Before now, regulators have had to oversee products made up of a single active pharmaceutical ingredient, where the mechanism of action is mostly known. The introduction of biologics and LBTs has increased the complexity of clinical trials.
According to Isabelle de Cremoux at Seventure, the final channel is the shaping of the regulatory environment. “Being a worldwide leader in investing in the microbiome industry, we acknowledge that in addition to investing in companies developing products, we also have had to help in solving the bottlenecks in the microbiome industry, and supporting the companies enabling the technologies.”
In the case of microbiome-based products, the therapeutic benefit comes from the bacteria being alive. And it’s not just the direct effect of the bacteria, but also the environment and metabolism of the nutrients around them, introducing a host of new challenges including reproducibility and comparability between studies.
Professor Cath O’Neill is fully aware of the regulatory challenges in this sector. “We are not at the point where we truly understand what these bacteria do. We can identify the difference from normal, but can’t always say for certain what the bacteria are doing.”
To give the regulatory authorities credit, they are working hand in hand with the microbiome industry. The Pharmabiotic Research Institute (PRI) is Europe’s first Microbiome Regulatory Science expertise center, and in July 2022, it was invited to join the Human Microbiome Action consortium to reach an international consensus on -OMICS standardization, pre-clinical models, clinical trial design etc.
Microbiome therapeutics: live bacterial therapeutics as standard?
If the growing amount of research and funding entering this sector is anything to go by, there is a swell of support for the -OMICS sector.
As Dr Possemiers says, “[Given the location of most bacteria in the body], the first products on the market are in infectious disease, of course. [However], if we can bring through a product in inflammatory or metabolic disease, then we will have a novel modality.”
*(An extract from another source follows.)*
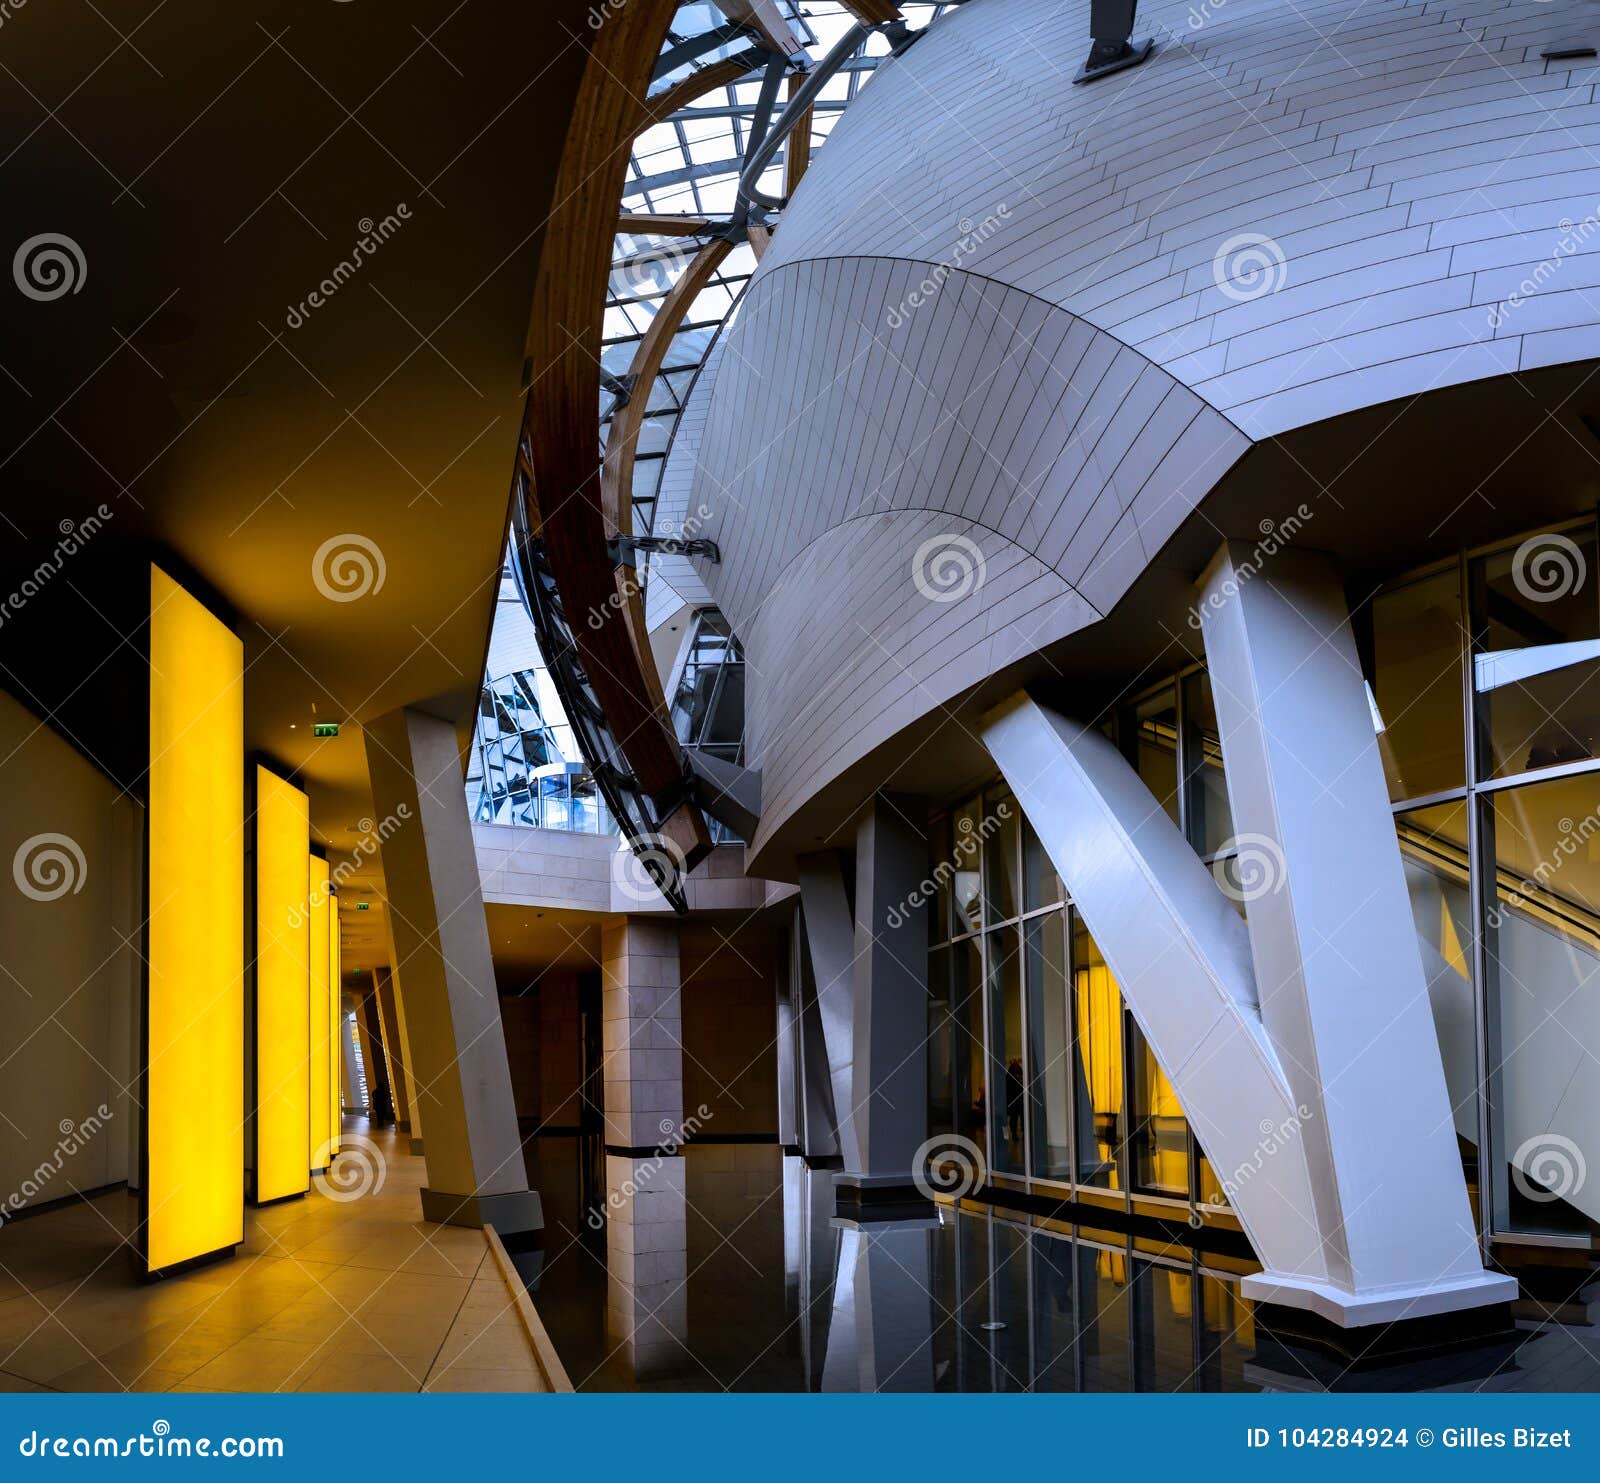 Paris - Fondation Louis Vuitton Editorial Stock Image - Image of city, boulogne: 104284924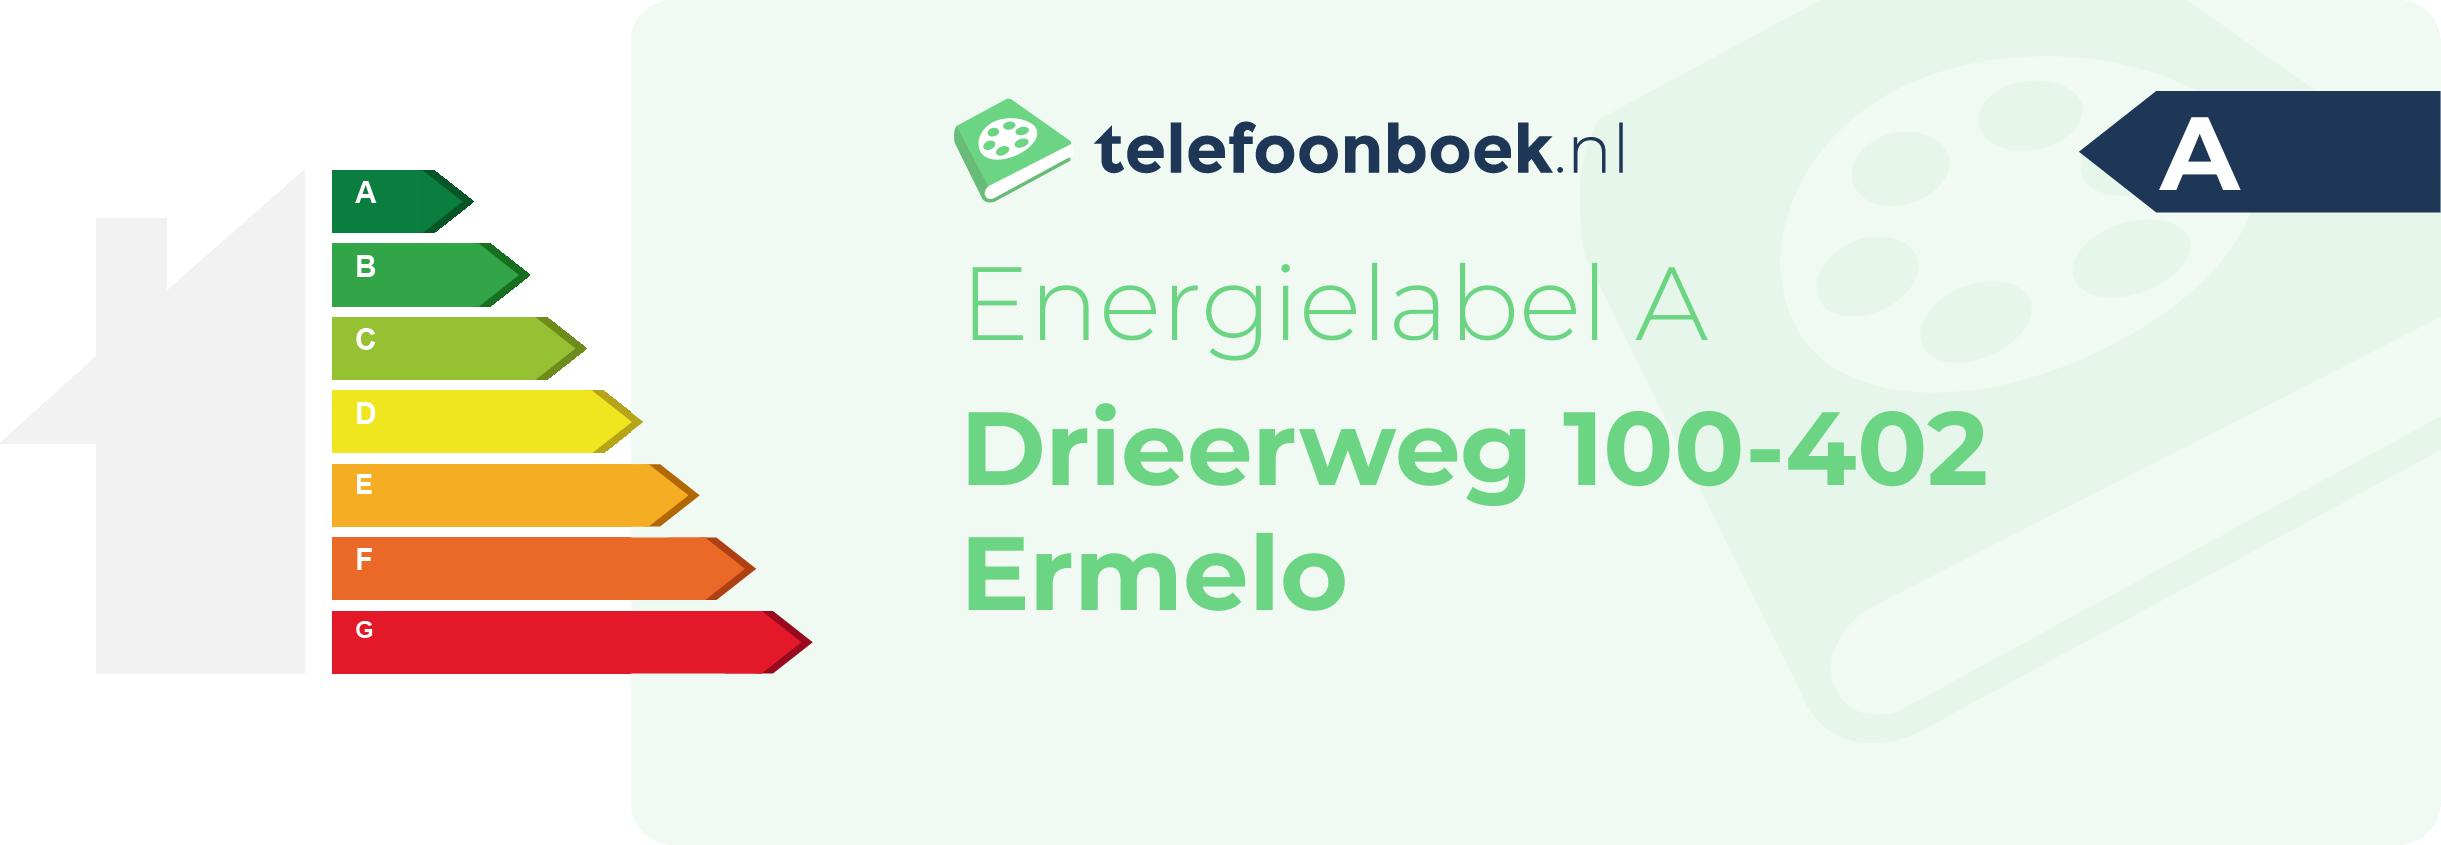 Energielabel Drieerweg 100-402 Ermelo

And it’s not just the impact such products have on their own, but the co-therapy strategy which really excites him.
He adds, “The immune-gut link could be the making of this field. The approach is a co-therapy strategy. If you can increase the potency of immuno-therapy, with minimal impact, you can have a big impact on survival. This area is really one to watch.”
And, finally, the fact that ESMO 2023 featured the microbiome prominently as one of the four key aspects at play in oncology, starts to put the next generation of products firmly on the map.
Isabelle de Cremoux sums it up beautifully: “FMT is used mainstream already, 2 drugs are approved, 1 LBP has filed for approval, several drugs are used under early-access-programs. You would be surprised to see how frequently we are contacted by patients, physicians, patient associations, hospitals around the globe looking for help to find where they can have access to microbiome therapeutics.”
The next 5-10 years are going to be an exciting one for this ‘new’ category of future medicines.